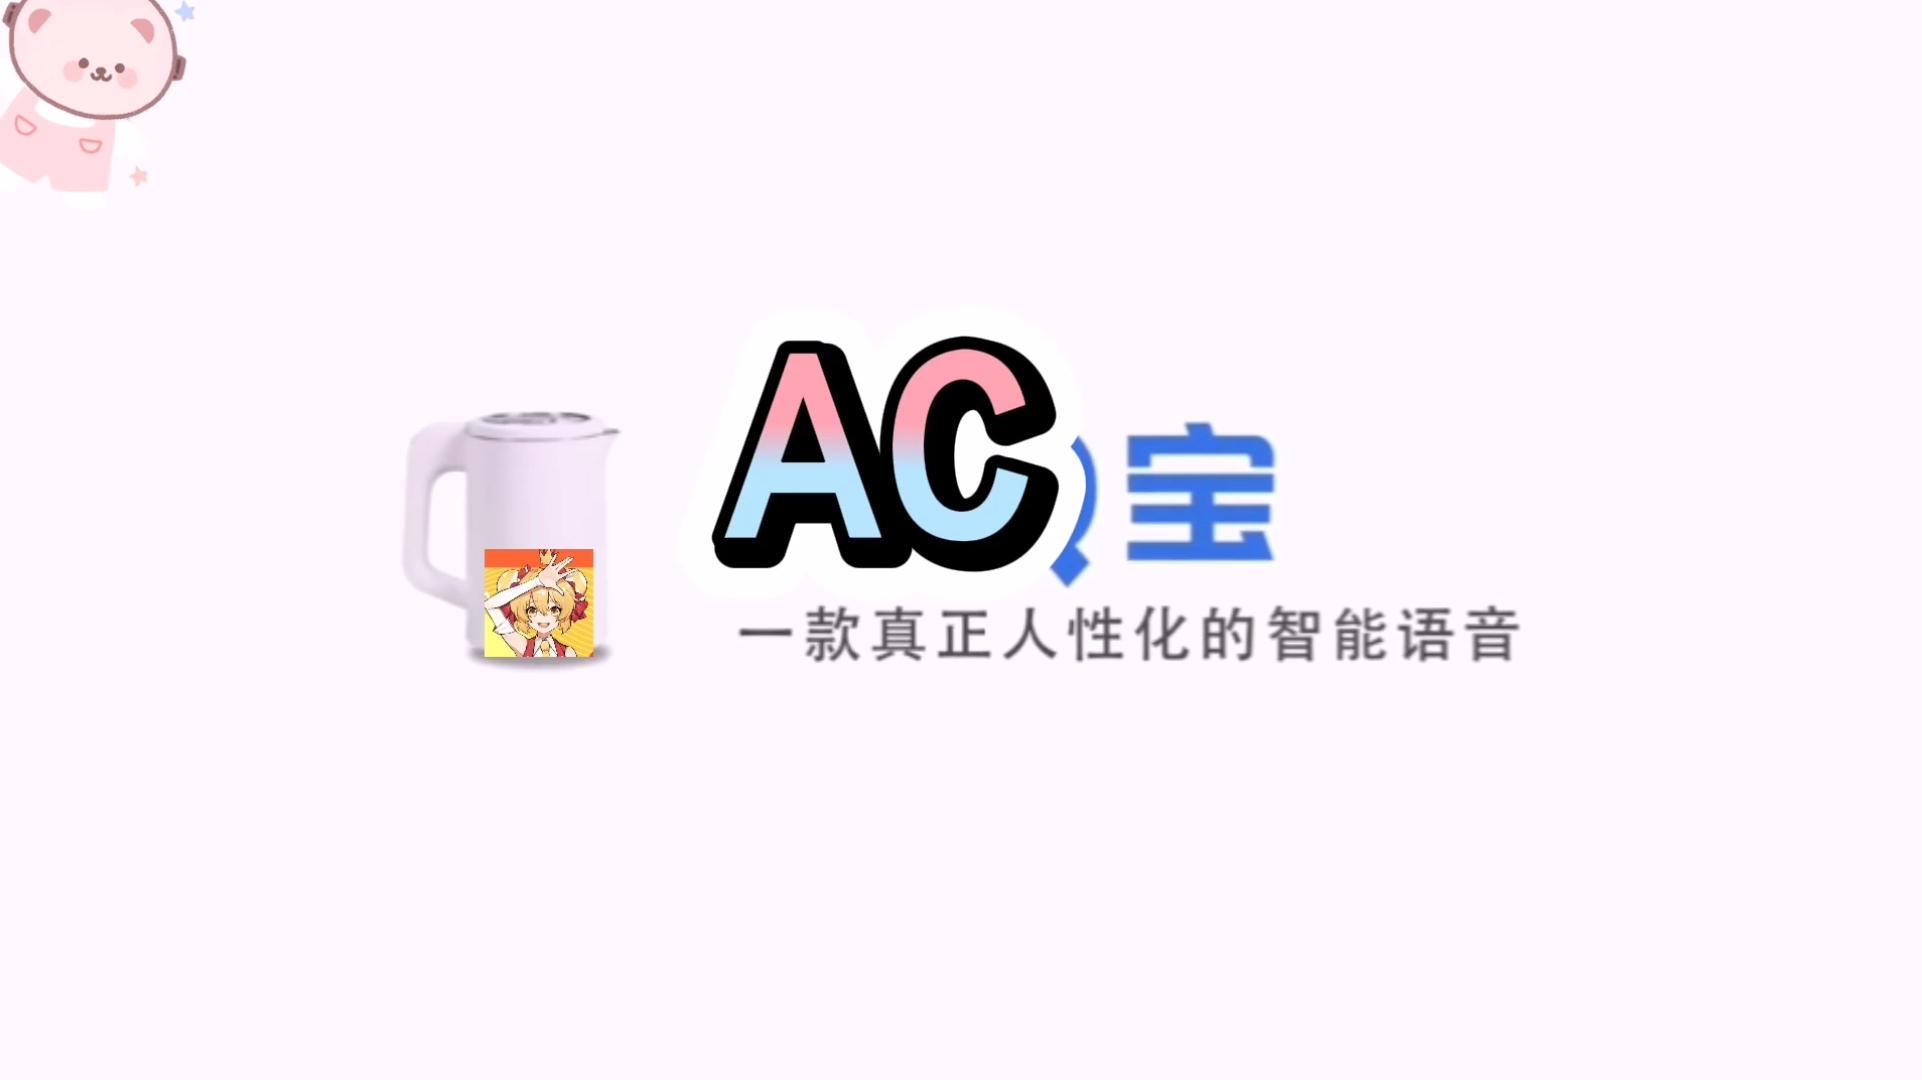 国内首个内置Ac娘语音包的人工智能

---

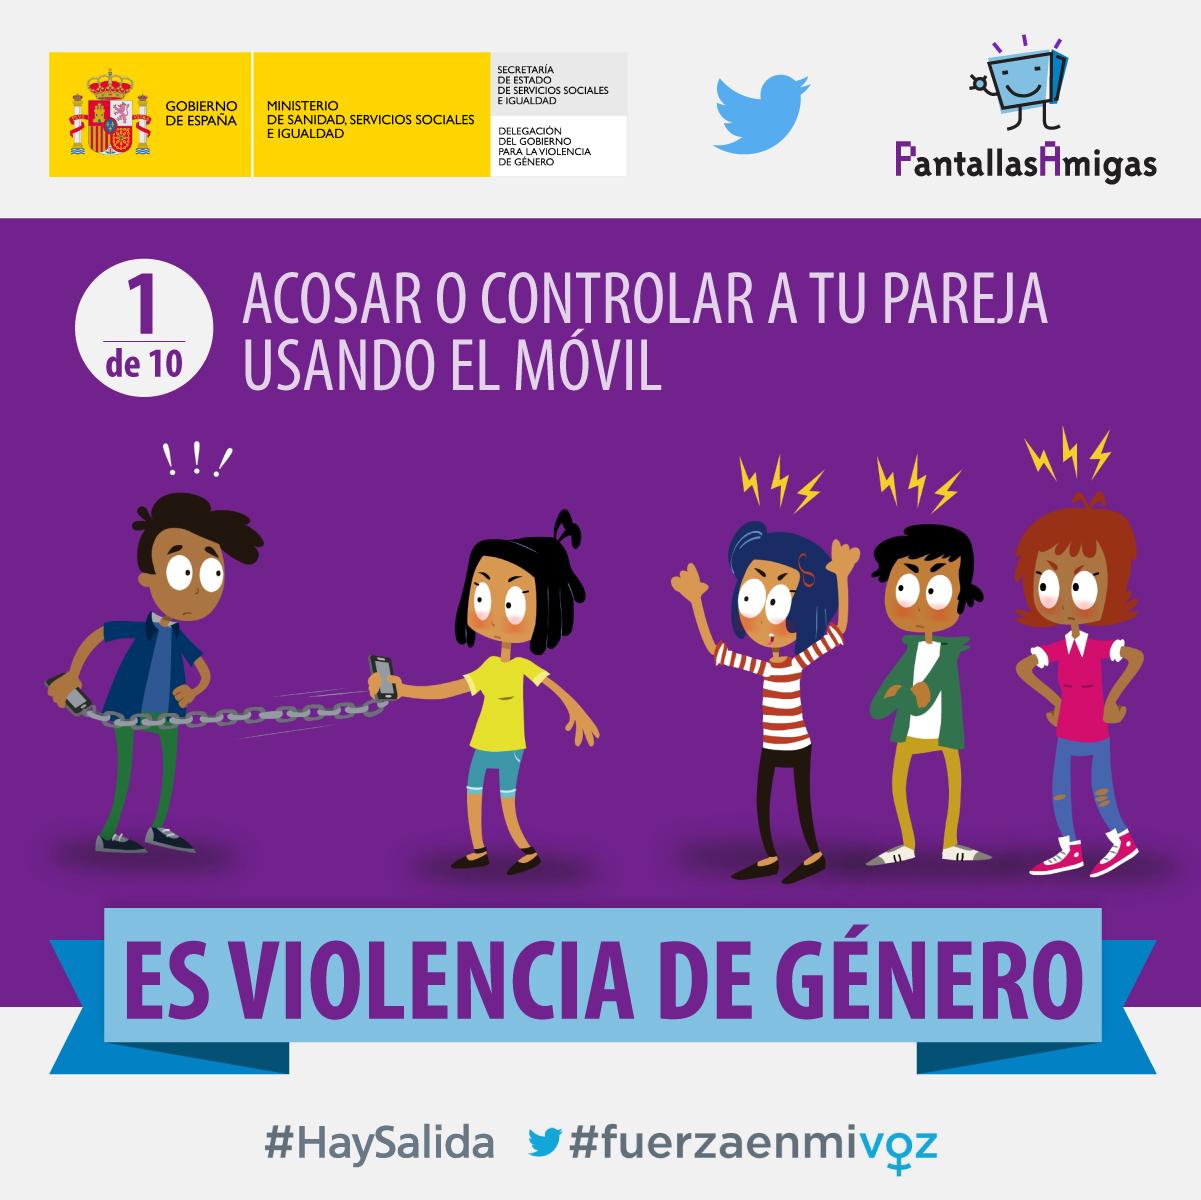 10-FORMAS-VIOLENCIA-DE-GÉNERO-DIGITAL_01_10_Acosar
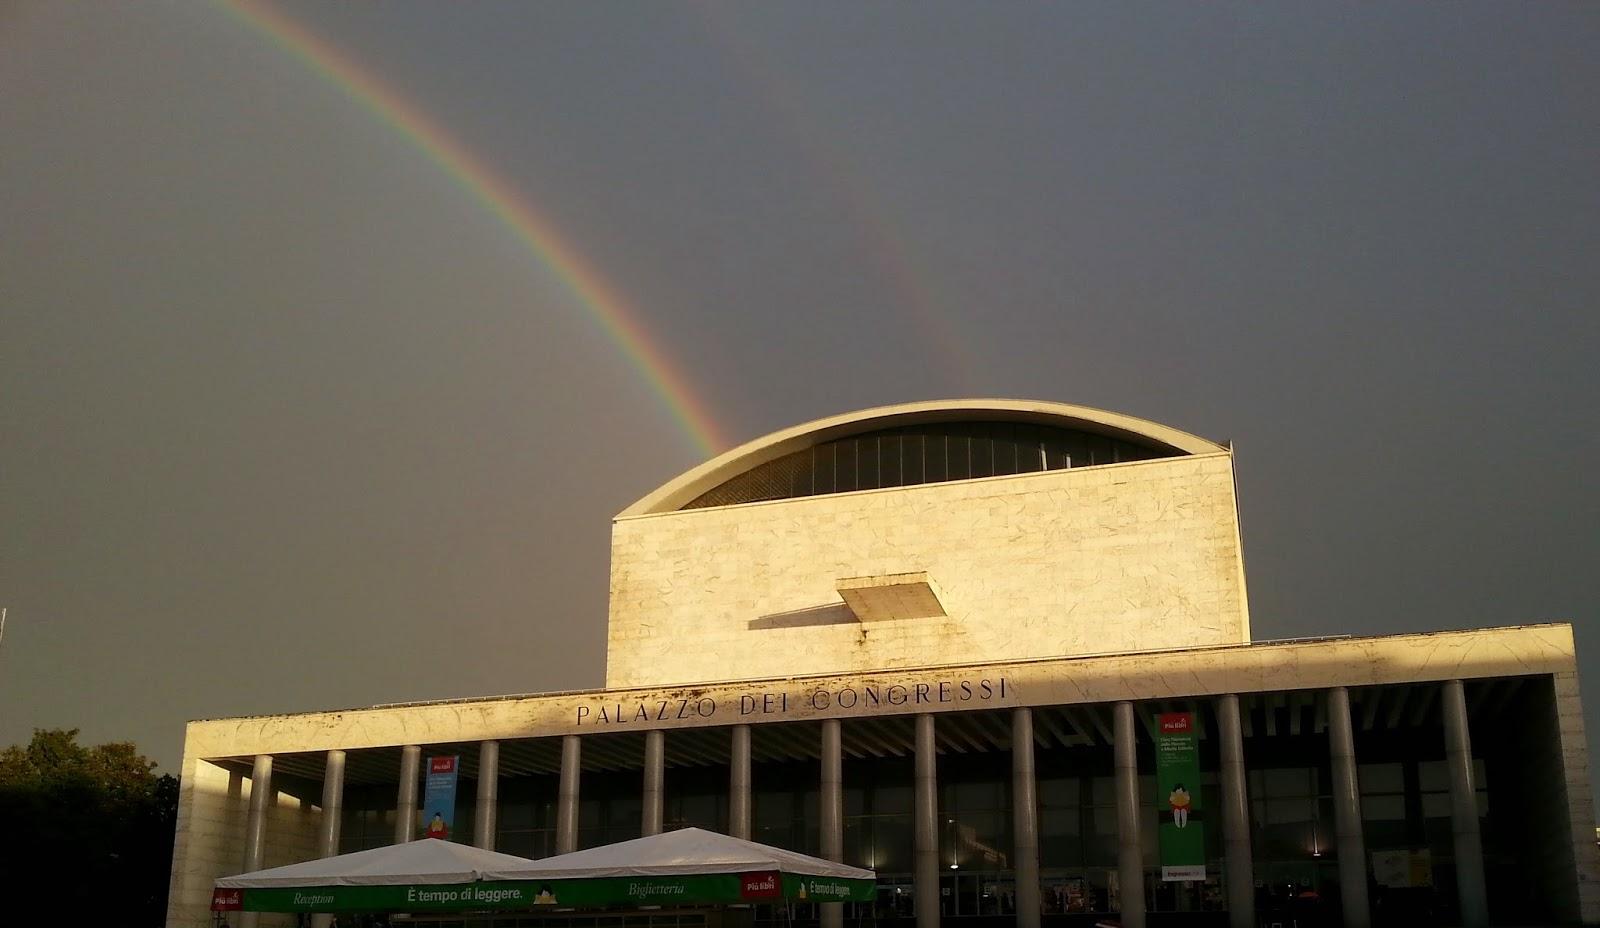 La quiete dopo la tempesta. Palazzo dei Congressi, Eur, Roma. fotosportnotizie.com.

** The task **
Reproduce, exactly and only, the lines of the records above starting at the line with "10-FORMAS-VIOL" and ending at the line with "La quiete dopo", both included. Leave every picture out.

** Output of the exercise **
 10-FORMAS-VIOLENCIA-DE-GÉNERO-DIGITAL_01_10_Acosar
 La quiete dopo la tempesta. Palazzo dei Congressi, Eur, Roma. fotosportnotizie.com.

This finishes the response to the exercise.